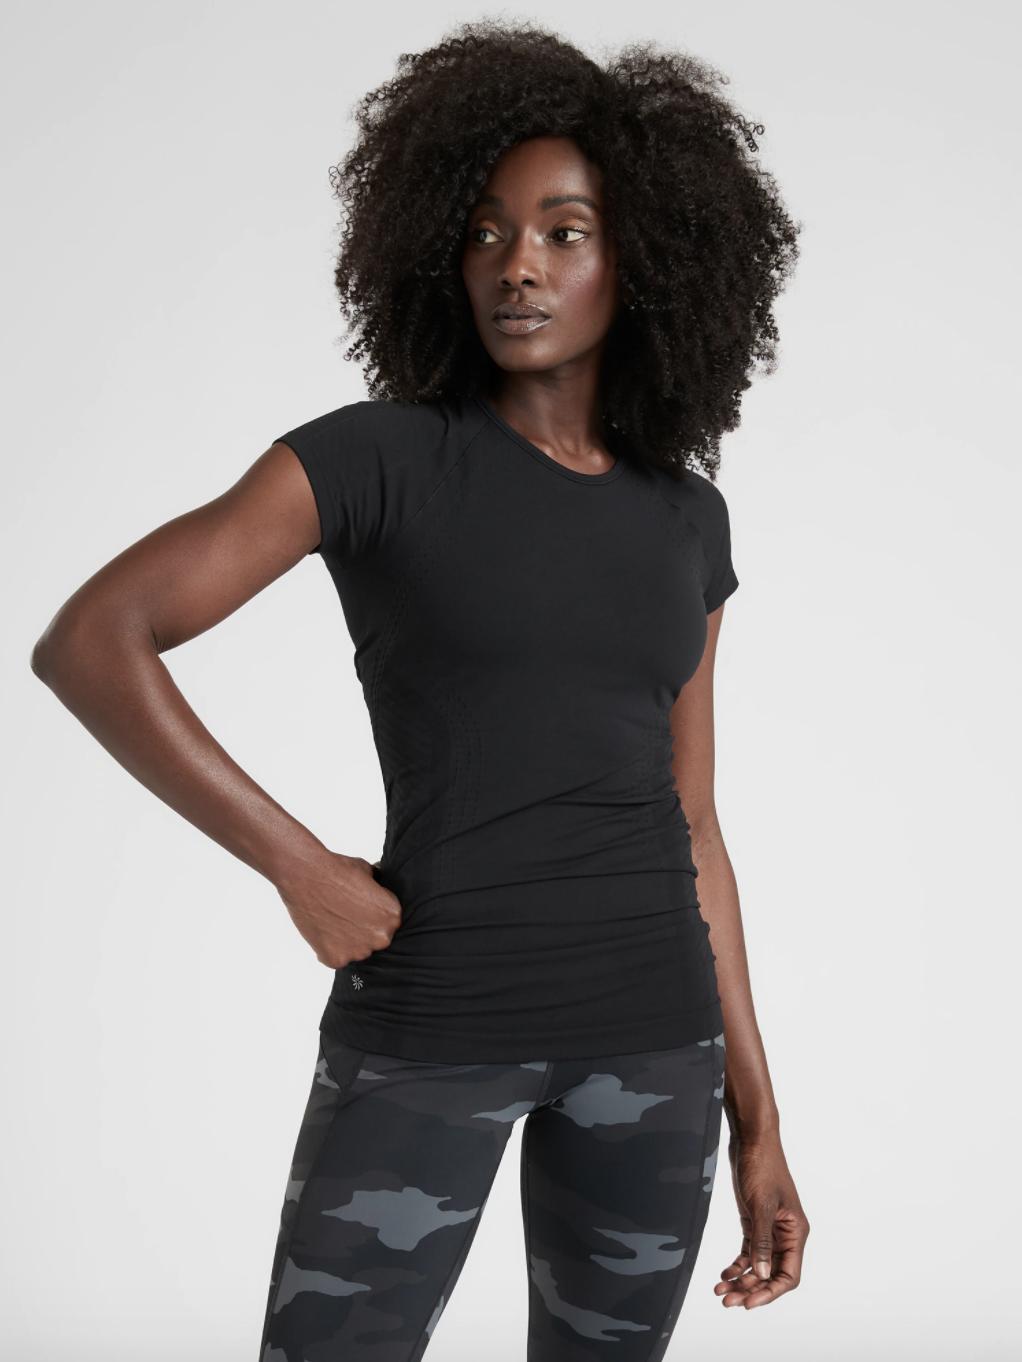 A model wearing the shirt
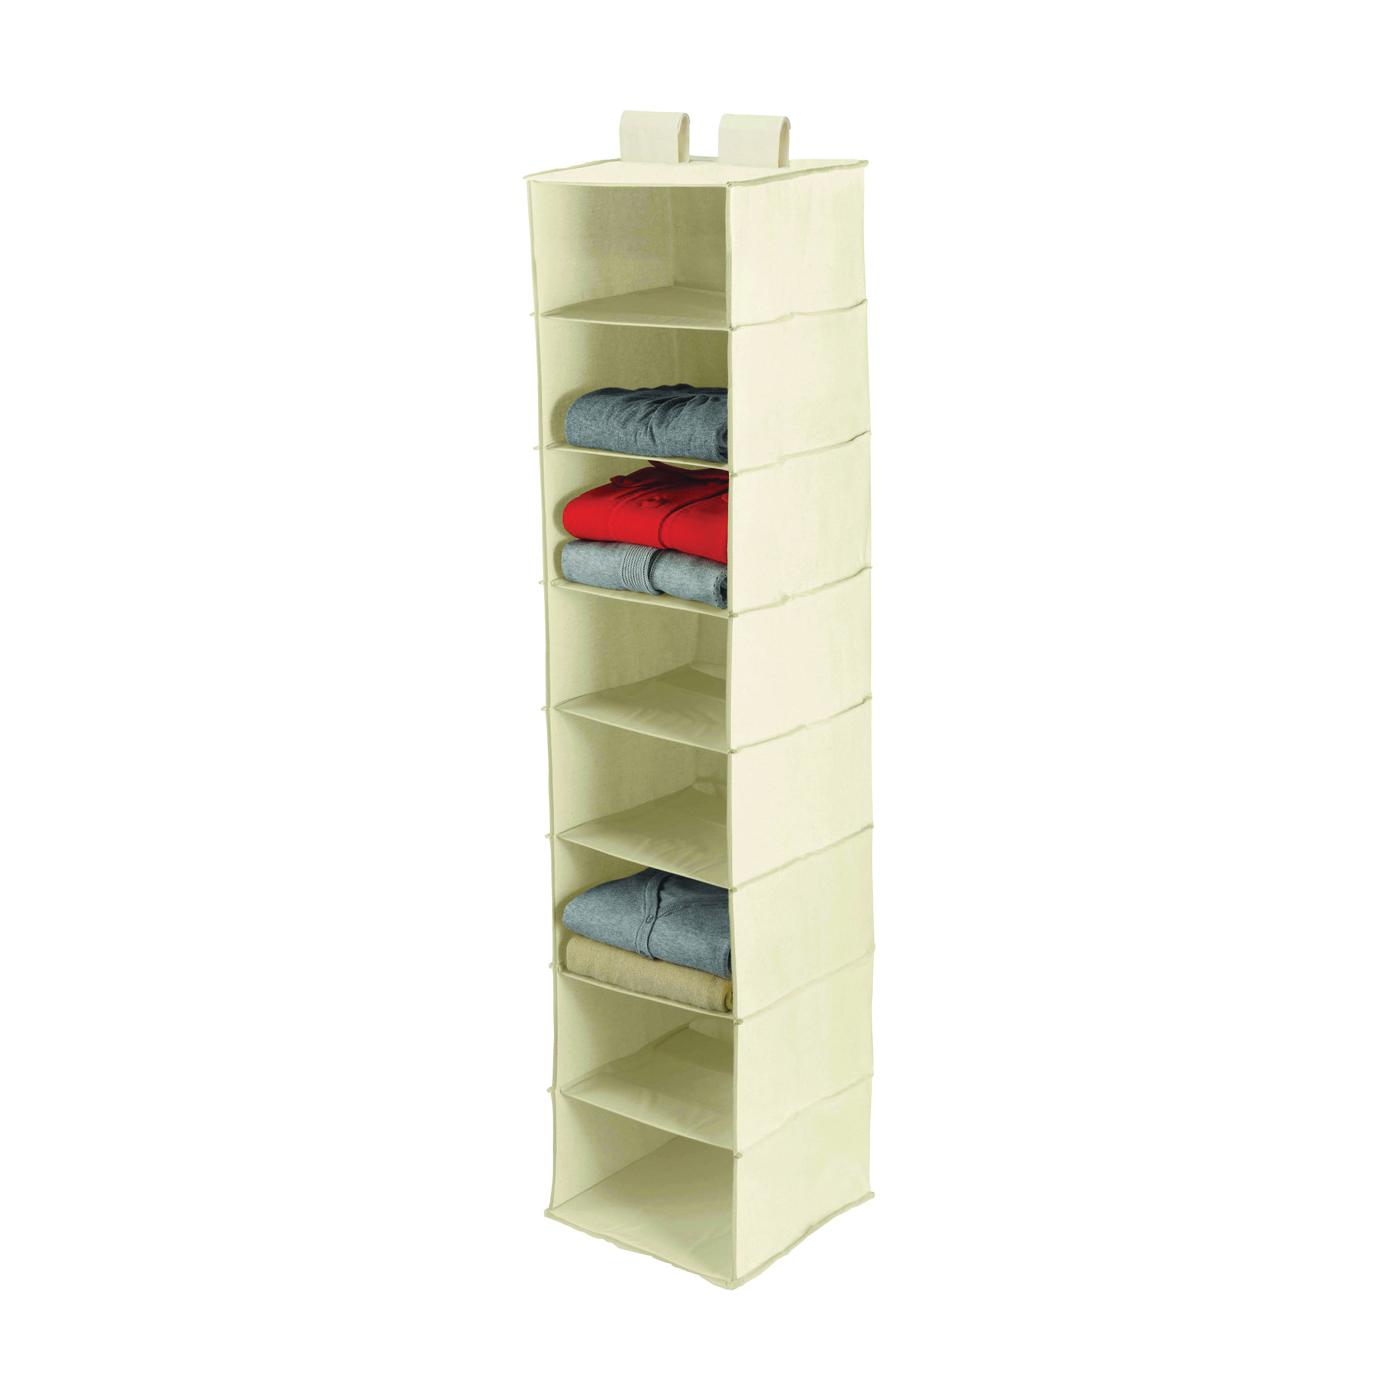 Picture of Honey-Can-Do SFT-01253 Closet Organizer, 12 in W, 54 in H, 8-Shelf, Canvas, Beige
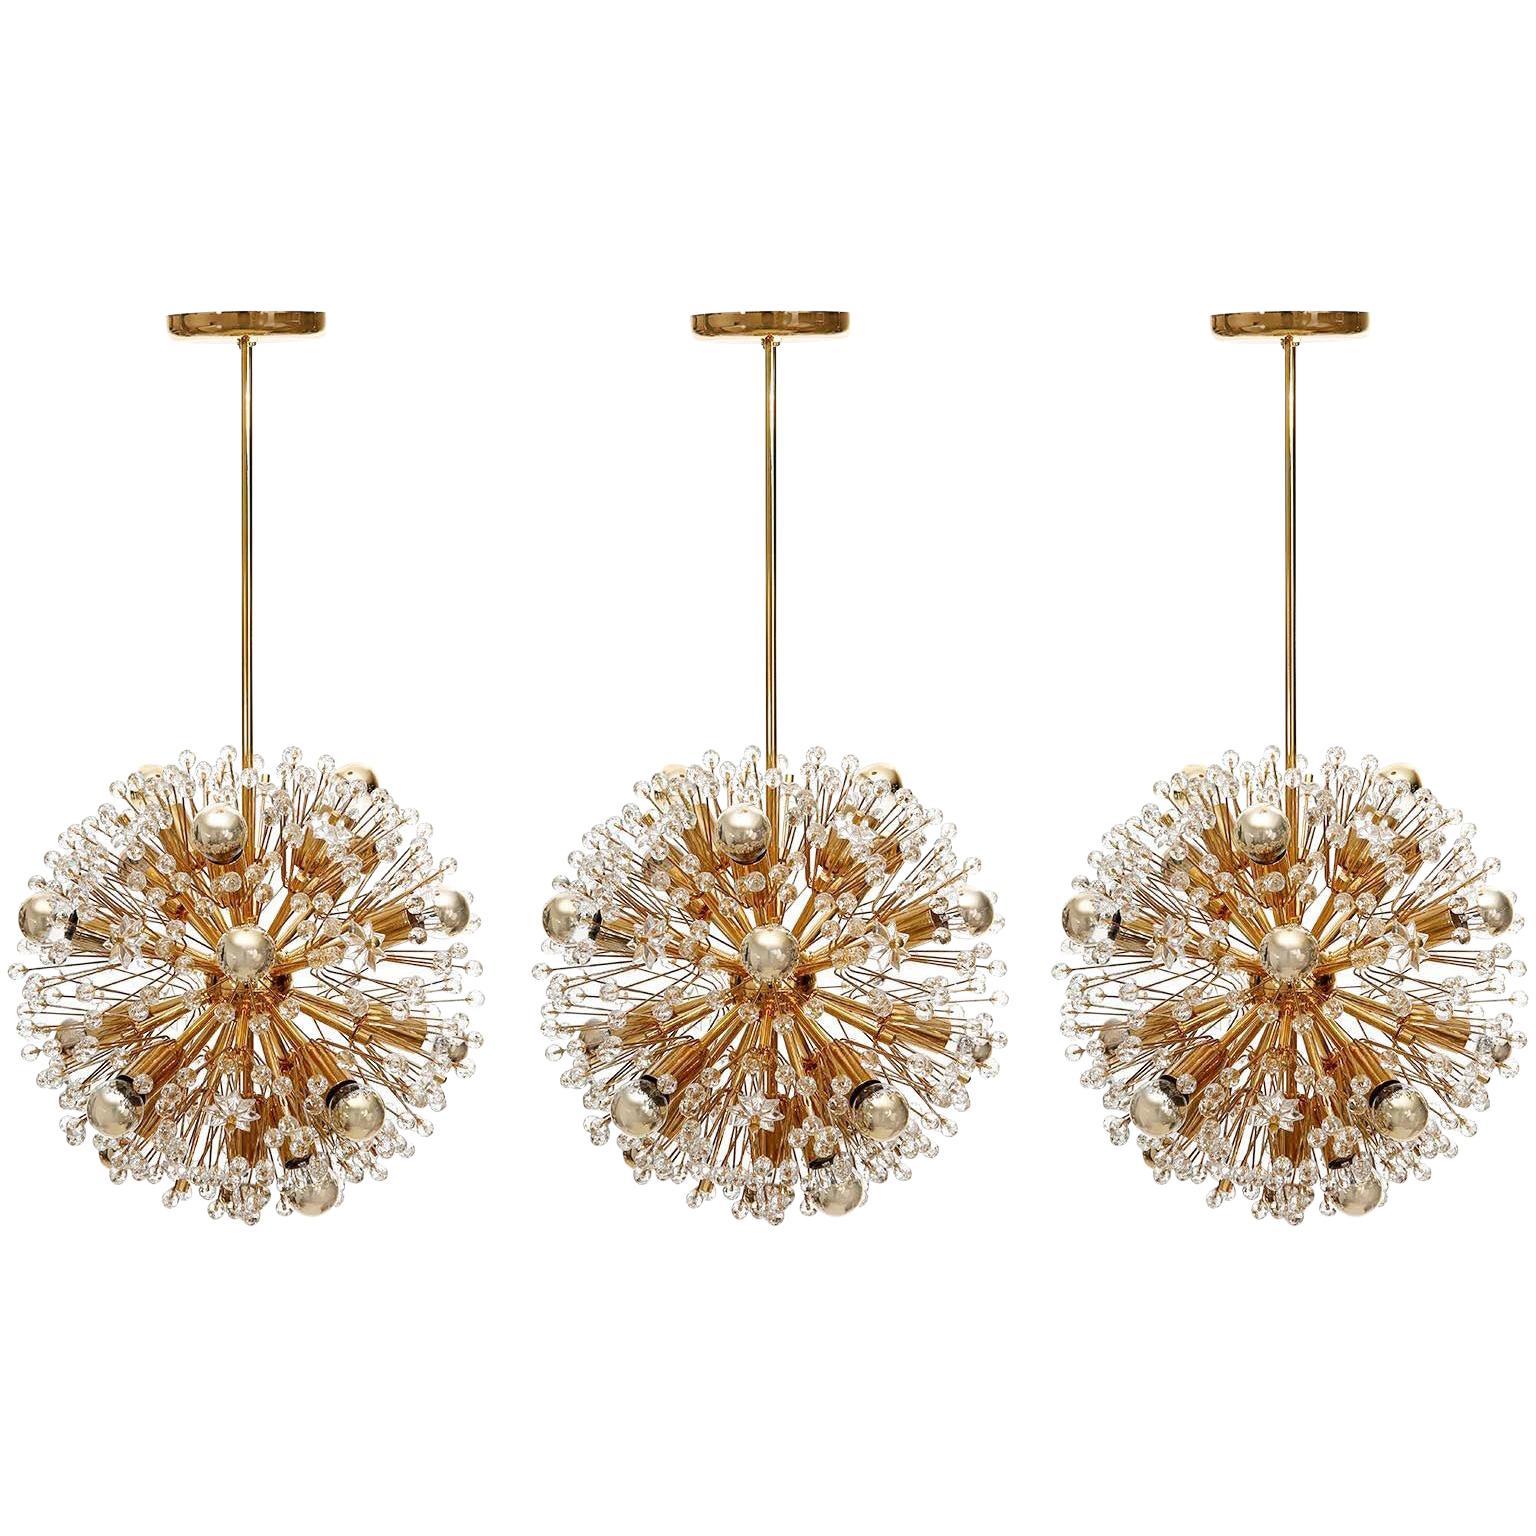 Three Emil Stejnar Sputnik Chandeliers Pendant Lights, Gilt Brass Glass, 1970

What you need to do:
Exactly as written, return every line of the listing, but not the pictures.

Your solution:
 A model wearing the shirt
 Picture of Honey-Can-Do SFT-01253 Closet Organizer, 12 in W, 54 in H, 8-Shelf, Canvas, Beige
 Three Emil Stejnar Sputnik Chandeliers Pendant Lights, Gilt Brass Glass, 1970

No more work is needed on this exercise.